Délire schizophrénique

Publié le par Clara

Epiph. citation, pour commencer : "Avant, j'étais schizophrène, maintenant, nous allons beaucoup mieux".


Mon boulot actuel est souvent peu satisfaisant pour mes papilles intellectuelles qui meurent de faim, ainsi que pour mes cordes sensibles qui meurent d'envie d'être  pincées. Je passe des demi-journées en apnée, ou respirant à la façon d'un poisson rouge, gobant-bloguant par instants l'air à la surface.
Lorsque la pause de midi arrive, il advient une chose étrange.
Je m'en vais promener, la plupart du temps, au parc à l'oie-chien ou sur les allées de la ville. Et c'est en marchant que se libère un milliard de pensées très exaltantes, soudain, toutes celles qui étaient restées enfermées très profondément, murées dans les contraintes de ce boulot légèrement étouffant, on va dire.
Souvent, Epiphanie me rejoint à cet instant.
On discute. Aujourd'hui, on a parlé des hommes.
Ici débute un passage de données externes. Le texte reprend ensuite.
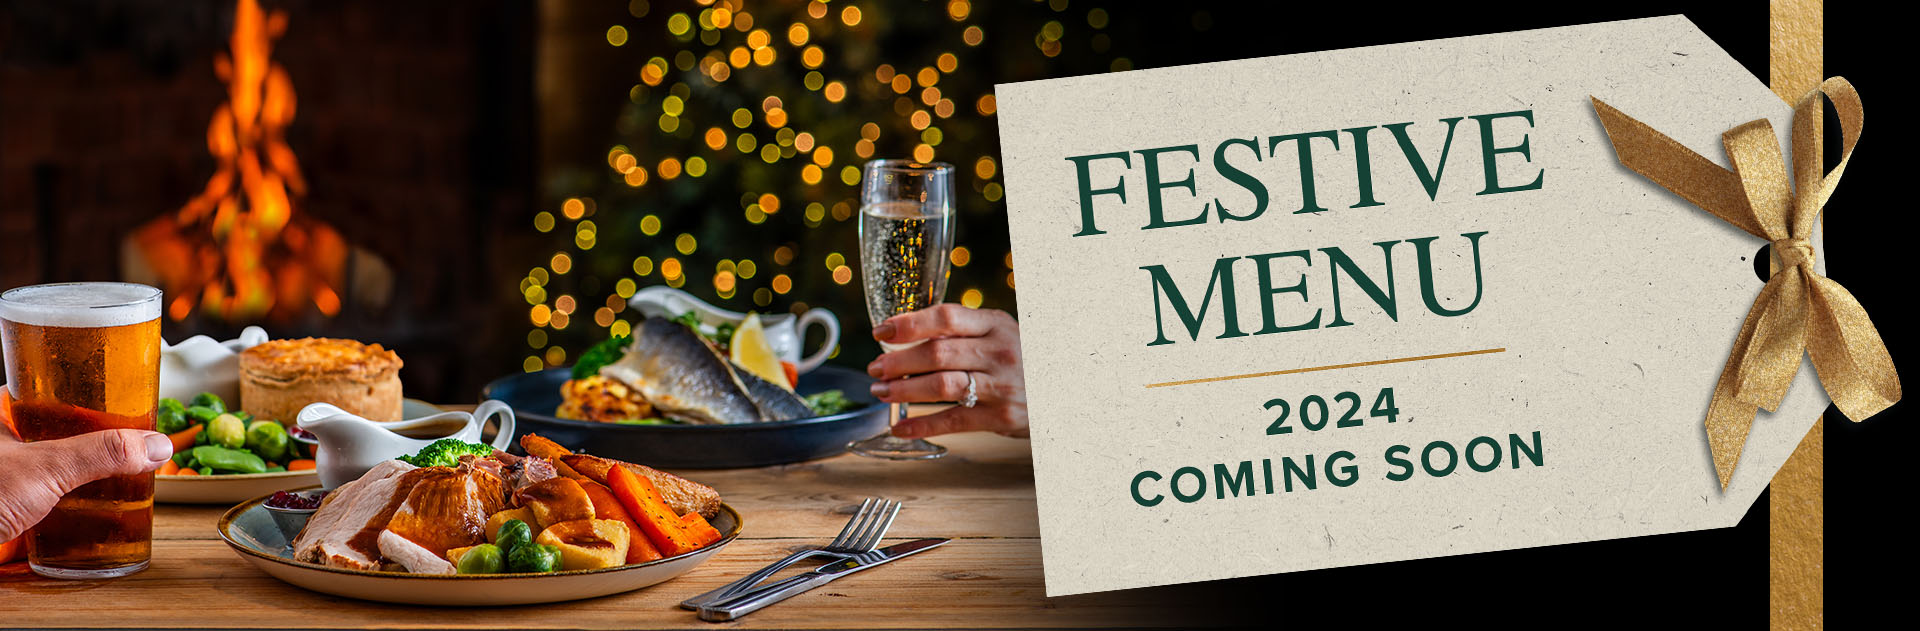 Festive Menu at The Beaufort Arms

Incredible, isn't it ? Bribes :
- Pour bien aimer les hommes, il faut savoir vivre sans eux.
- Pour bien les aimer, la condition sine qua couatastrophe, c'est surtout de s'aimer soi-même, non ?
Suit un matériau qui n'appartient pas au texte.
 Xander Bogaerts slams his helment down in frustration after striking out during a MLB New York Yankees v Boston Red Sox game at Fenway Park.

- Certes, certes, chère amie, cela va sans dire, et cela va ensemble.
- Ah oui.
- Ah ah !
- Oh oh !
- M'enfin ce n'est pas révolutionnaire comme idée.
- Mouais. La plupart des femmes d'aujourd'hui savent vivre sans homme, c'est vrai.
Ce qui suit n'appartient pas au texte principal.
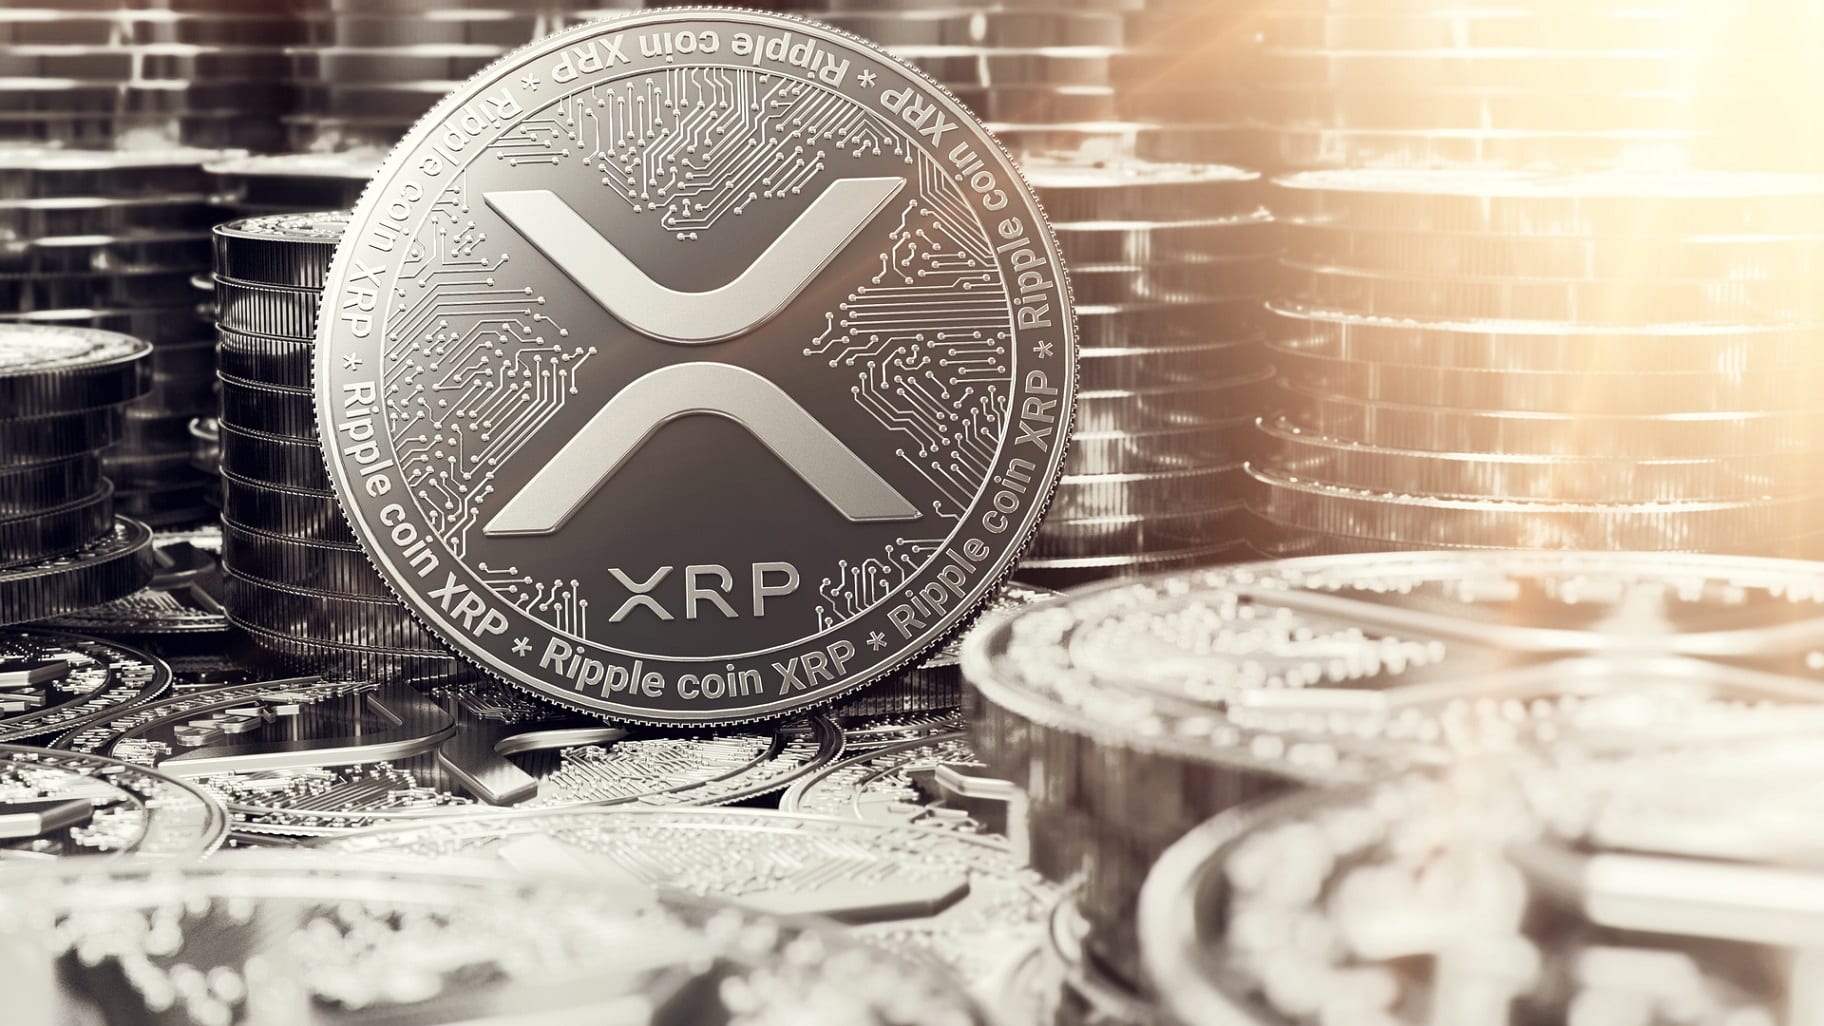 XRP from Ripple is the most suitable tool for cryptocurrency payments

- J'en connais même qui ne savent pas vivre avec, alors.
- Elles ne les aiment pas, alors, celles-ci.
- C'est qu'elles ne s'aiment pas, surtout.
- Ah tu crois ?
- Chais pas.
On est alors passées devant deux gros et vieux bonshommes, assis sur des range-vélos, sur les allées. Une femme passe devant eux. L'un d'eux s'exclame alors :
- Elle a de jolies fesses, hein !
On décide alors de changer de sujet. On pense au bleu. On se dit que si on est tous légèrement bleus ces temps-ci, c'est bien évidemment dû au coup porté par les élections. Va falloir veiller à pas rester bleus cinq ans, les zamis. Va falloir se réveiller, hein. Enfin quand même, large état de crise intérieur parmi toutes les personnes de mon entourage. Qu'est-ce qui se passe ? Dépression du début de l'été ? Trop de lumière soudain ? Trop crue ? On la pare en se parant de bleu ? On n'arrive pas à équilibrer la lueur extérieure avec notre lumière intérieure ?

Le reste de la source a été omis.